In case of remission, after 1-3 months you can begin to introduce regular mixtures containing lactose, monitoring the symptoms of lactase deficiency and the excretion of lactose in feces. It is also recommended, in parallel with the treatment of lactase deficiency, to carry out a course of treatment for dysbiosis. You must approach with caution medical drugs, containing lactose as an excipient (Plantex, Bifidumbacterin), since manifestations of lactase deficiency may worsen.

Important! Pay attention to the presence of lactose in medicines, since manifestations of lactase deficiency may worsen.

Treatment during the introduction of complementary foods

Complementary feeding dishes for lactase deficiency are prepared using the same mixtures (lactose-free or low-lactose) that the child received before. Complementary feeding starts with fruit puree industrial production at 4-4.5 months or baked apple. Starting from 4.5-5 months, you can begin to introduce pureed vegetables with coarse fiber (zucchini, cauliflower, carrots, pumpkin) with the addition of vegetable oil. If complementary feeding is well tolerated, it is administered after two weeks. meat puree. Fruit juices in the diet of children suffering from lactase deficiency are introduced in the second half of life, diluted with water in a 1:1 ratio. Dairy products also begin to be introduced in the second half of the year, using initially those with low lactose content (cottage cheese, butter, hard cheese).

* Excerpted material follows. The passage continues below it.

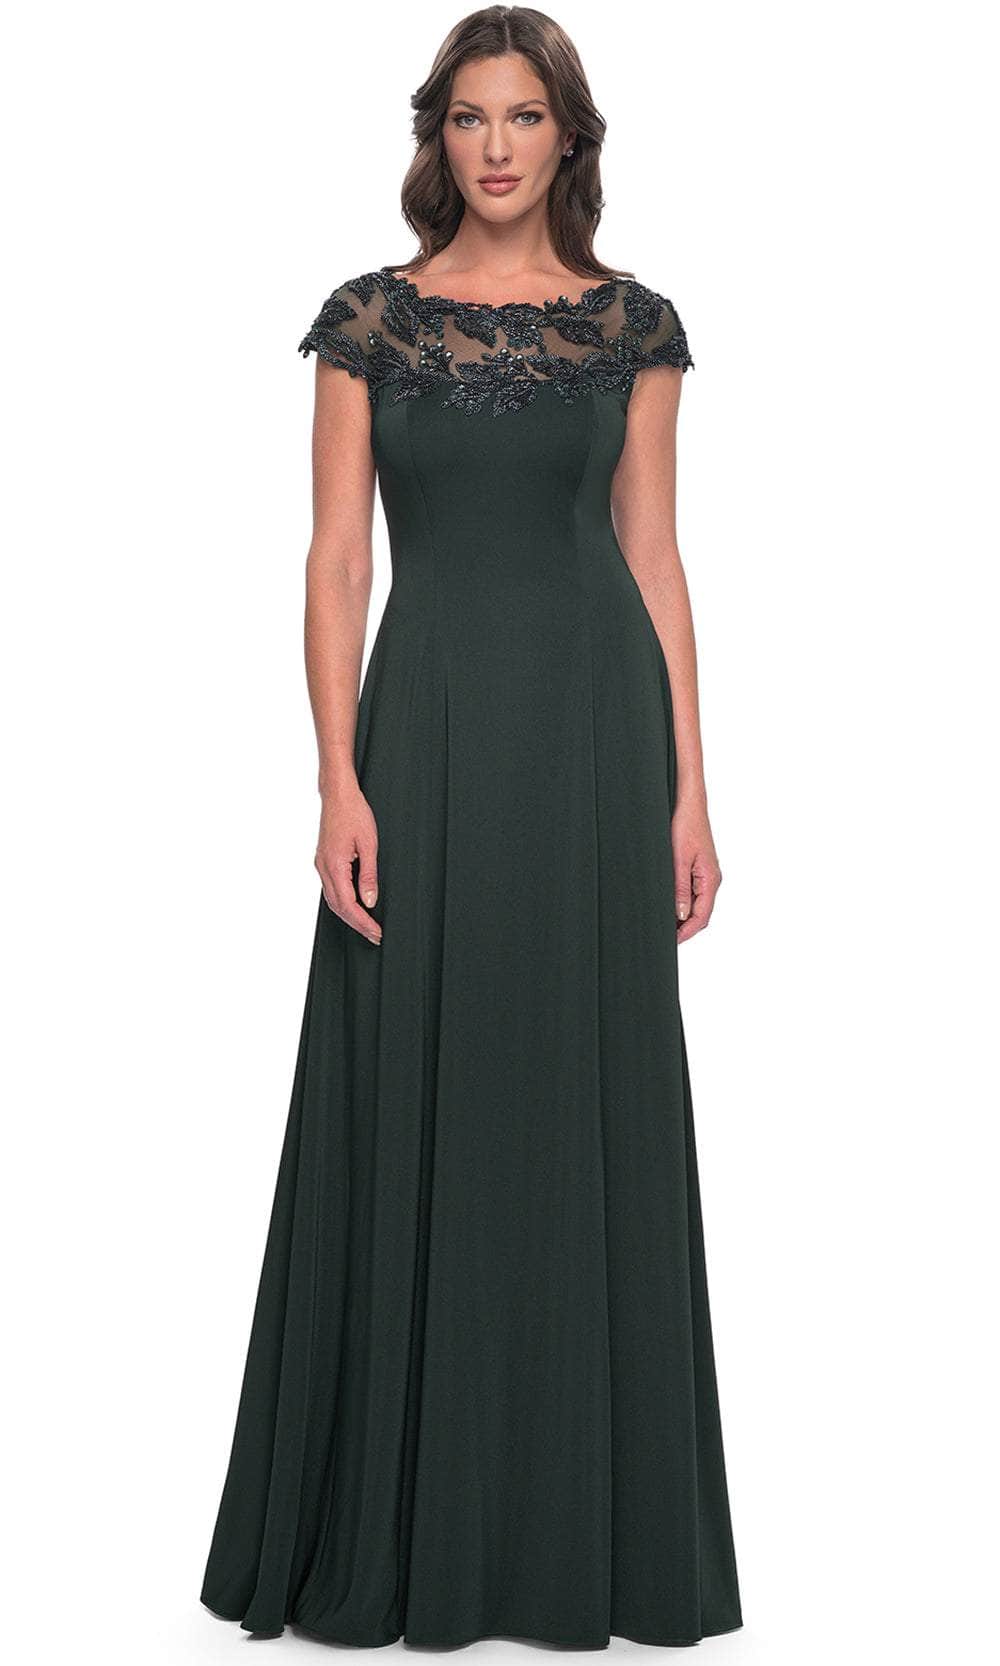 Image of La Femme 31195 - Cap Sleeve Applique Evening Dress

Intolerance to other carbohydrates

As noted above, symptoms of lactase deficiency are also characteristic of other types of carbohydrate intolerance.

  1. Congenital deficiency of sucrase-isomaltase (practically not found in Europeans). Manifests itself in the first days of introducing complementary foods in the form of severe diarrhea with possible dehydration. Such a reaction can be observed after the appearance of sucrose in the child’s diet (fruit juices, purees, sweetened tea), less often starch and dextrins (porridge, mashed potatoes). As the child gets older, symptoms decrease, which is associated with an increase in the absorption surface area in the intestine. A decrease in the activity of sucrase-isomaltase can occur with any damage to the intestinal mucosa (giardiasis, celiac disease, infectious enteritis) and cause secondary failure enzyme, which is not as dangerous as the primary (congenital) one.